En Costa Rica cerca del 50% de las parejas se separan. Muchas se divorcian después de años de enardecidas discusiones que se toleran en el nombre del amor. Los estudios indican que con frecuencia los temas en disputa no son tan importantes, pero la forma en que se enfrentan estas desavenencias suele ser devastadora. Es decir, se discute por cualquier cosa y de manera hiriente e insultante.

Escribir al DR. Mauro Hoy

Sin saberlo y sin quererlo, las parejas aprenden el arte de dañarse, dónde, cuándo y cómo darle por donde más le duele al otro. Desde luego después de cada discusión, los destrozos emocionales son enormes. 

A la vez, el tiempo que se tarda en superar las discusiones se alarga. Al inicio, basta una lágrima y una sonrisa para dar por terminado el desacuerdo; posteriormente, las discusiones se prolongan y hasta comprometen la noche. Esto es de capital importancia, porque las discusiones que provocan que las parejas se acuesten enemistadas, son más destructivas y muchas veces las enrumban por el camino de la separación.

Al inicio el sexo puede ser una buena forma de superar la confrontación. Pero al cabo del tiempo, cada discusión genera cierta distancia sexual que va minando el convivio erótico. Ante ese panorama, el temor se apodera de ambos. Ya se tienen cuidado. No quieren comprarse una discusión porque saben que les costará dolor y amargura. Los temas urgentes y prioritarios suelen posponerse con el fin de disfrutar de un segmento de paz. 

El hogar se convierte en la antítesis de lo que debería ser. No se habla de nada importante, ambos prefieren callar, para no buscarse problemas. Así la relación se va deteriorando. No se encuentra la forma de resolver los problemas, porque la comunicación se ha roto, los períodos de silencio y de respuestas cortas, tajantes e irónicas monopolizan las conversaciones. Los gritos, el choteo, el irrespeto y hasta la violencia física encuentran suelo fértil, mientras ambos presencian como aquella promesa de amor se desvanece. Como recurso desesperado es común que cada uno busque ayuda en familiares y amigos cercanos.
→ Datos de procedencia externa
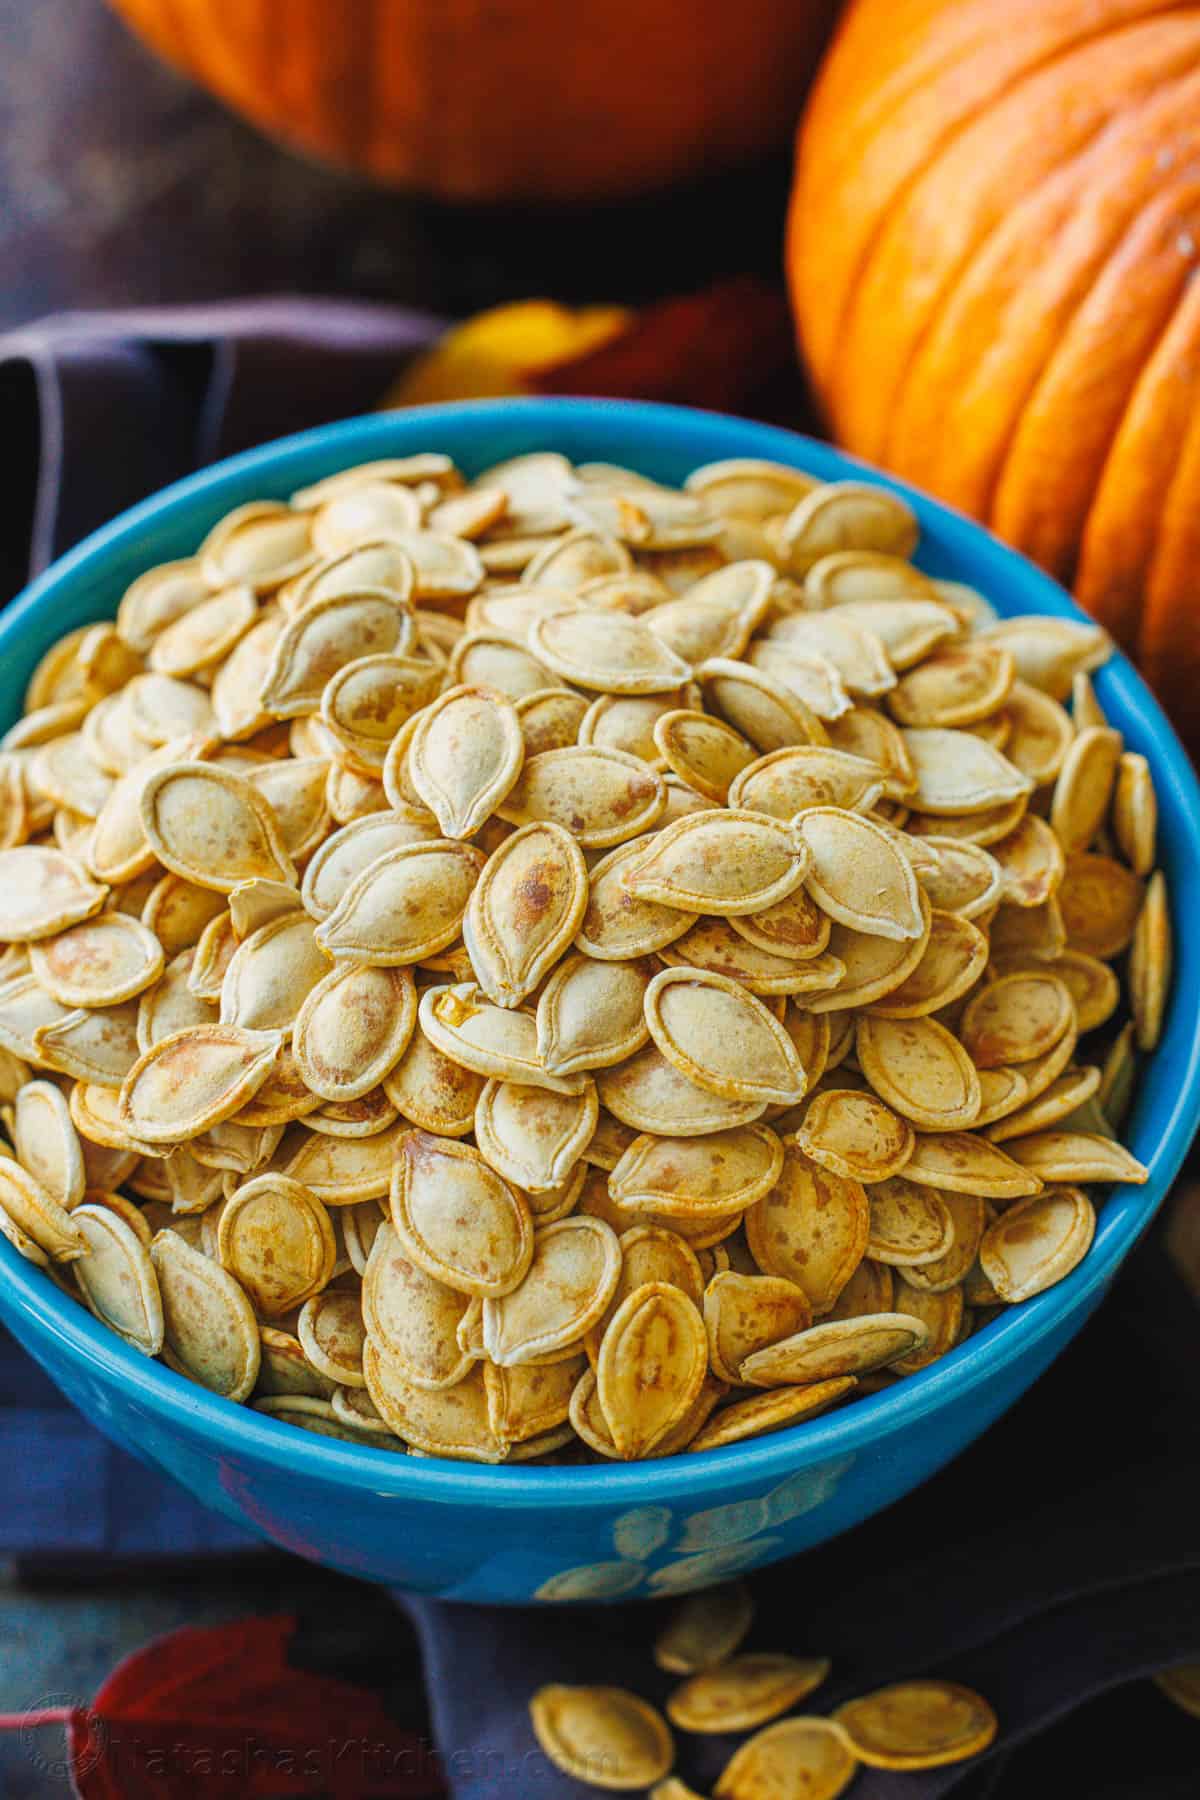 Roasted pumpkin seeds in a large blue bowl

Estos, con frecuencia, en vez de propiciar un reencuentro, al no estar capacitados, suelen complicar más la situación.

Durante décadas, ese era el único panorama: “o aguantas o te separas”, no había más. De esa disyuntiva surge la terapia de pareja que pretende que con la ayuda de un profesional, la parejas que realmente se aman resuelvan satisfactoriamente las diferencias que le condicionan un mal vivir. 

Hoy, queremos que las parejas consulten a tiempo, cuando discuten reiteradamente sobre los mismos temas, cuando se buscan excusas para no estar juntos, o florecen las ideas de infidelidad, separación o se siente la sensación de no ser amado, respetado y /o comprendido. También cuando el área sexual no anda bien, o si los celos, las conductas posesivas o las discusiones amargan el diario vivir. O cuando la intromisión de familiares o conocidos genera conflictos importantes.

Desde luego, que una terapia de pareja no es la solución para todos los problemas, pero sí es una opción que se debe tener en cuenta sobre todo cuando no sabemos vivir con la persona que se ama.